San Juan 24

Development
- Designer: Bruce Kirby
- Location: United States
- Year: 1973
- No. built: 1200
- Builder: Clark Boat Company
- Name: San Juan 24

Boat
- Displacement: 3,200 lb (1,451 kg)
- Draft: 4.00 ft (1.22 m)

Hull
- Type: Monohull
- Construction: Fiberglass
- LOA: 24.00 ft (7.32 m)
- LWL: 19.50 ft (5.94 m)
- Beam: 8.00 ft (2.44 m)
- Engine: Outboard motor

Hull appendages
- Keel: fin keel
- Ballast: 1,650 lb (748 kg)
- Rudder: internally-mounted spade-type rudder

Rig
- Rig type: Bermuda rig
- I foretriangle height: 30.00 ft (9.14 m)
- J foretriangle base: 9.50 ft (2.90 m)
- P mainsail luff: 26.00 ft (7.92 m)
- E mainsail foot: 8.00 ft (2.44 m)

Sails
- Sailplan: Masthead sloop
- Mainsail area: 104.00 sq ft (9.662 m^{2})
- Jib/genoa area: 142.50 sq ft (13.239 m^{2})
- Total sail area: 246.50 sq ft (22.901 m^{2})

Racing
- PHRF: 219 (average)

= San Juan 24 =

Sailboat class

The San Juan 24 is an American trailerable sailboat that was designed by Bruce Kirby as an International Offshore Rule Quarter Ton class racer.

The design was later developed into the more cruising-oriented San Juan 23 in 1975.

==Production==
The design was built by the Clark Boat Company in Kent, Washington, United States, starting in 1973 but it is now out of production. A total of 1200 examples of the design were built.

==Design==
The San Juan 24 is a recreational keelboat, built predominantly of fiberglass, with wood trim. It has a masthead sloop rig, a raked stem, a raised reverse transom, an internally-mounted spade-type rudder controlled by a tiller and a fixed fin keel. It displaces 3200 lb and carries 1650 lb of lead ballast.
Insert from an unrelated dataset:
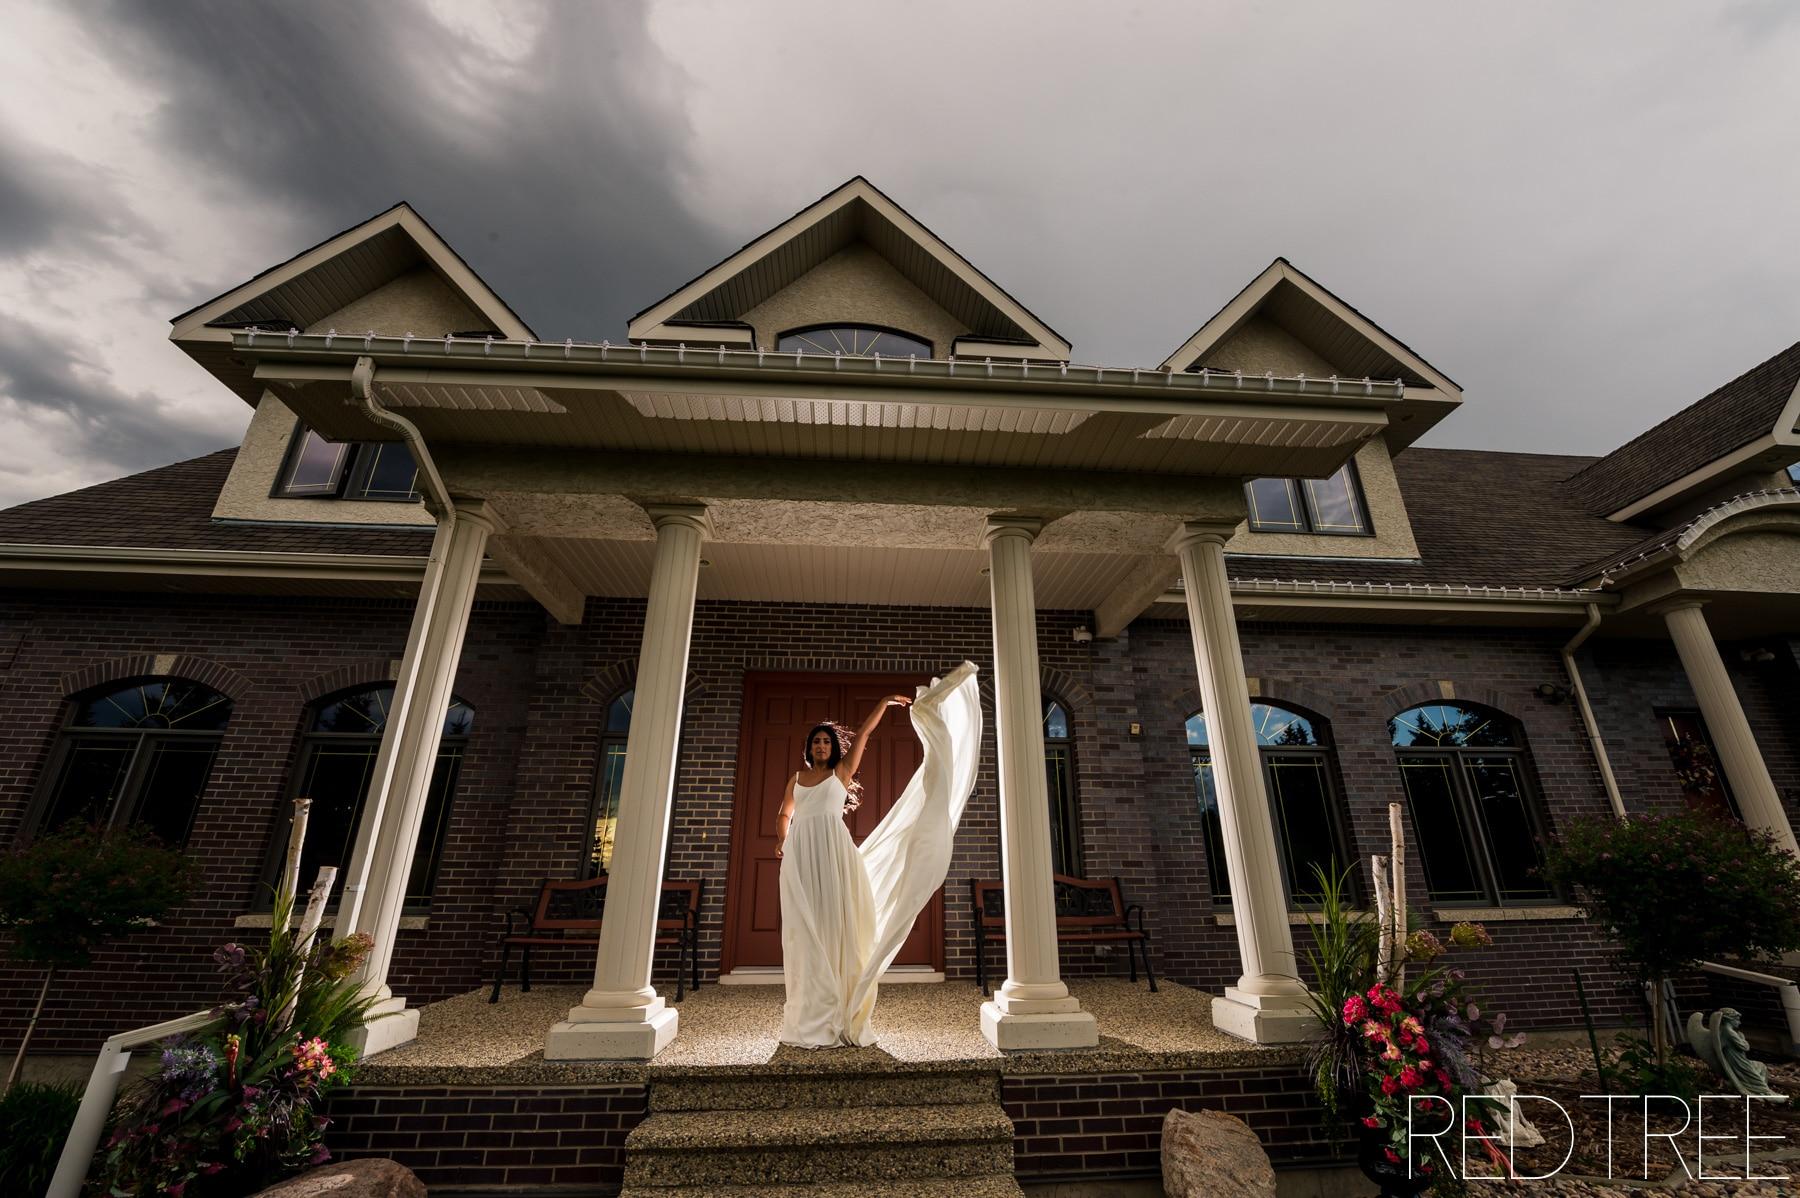 The Cornerstone Stylized Wedding: Bottled Bronco & The Cornerstone Photography

The boat has a draft of 4.00 ft with the standard keel fitted and is normally fitted with a small 3 to 6 hp outboard motor for docking and maneuvering.

The design has sleeping accommodation for five people. Cabin headroom is 54 in.

The design has a PHRF racing average handicap of 219 with a high of 231 and low of 216. It has a hull speed of 5.92 kn.

In a 2010 review Steve Henkel wrote, "Don Clark, designer of the San Juan 21 Mk I and II ... and owner of the Clark Boat Company of Kent, WA, went to Bruce Kirby for a hot new racer to be designed to the IOR Quarter Ton Rule. Clark imposed two important restrictions to broaden the market beyond the macho racer group: the boat could not draw more than 4' 0" or be wider than 8' 0", making the boat more useable in shoal waters and making trailering a little easier.
Best features: The boat has been a success (and, at least so far, is the most popular quarter tonner ever), with over a thousand sailing, Worst features: Although she is fast and weatherly going upwind, dead downwind in heavy air under spinnaker she can be a little squirrelly, possibly a result of her narrow underbody aft."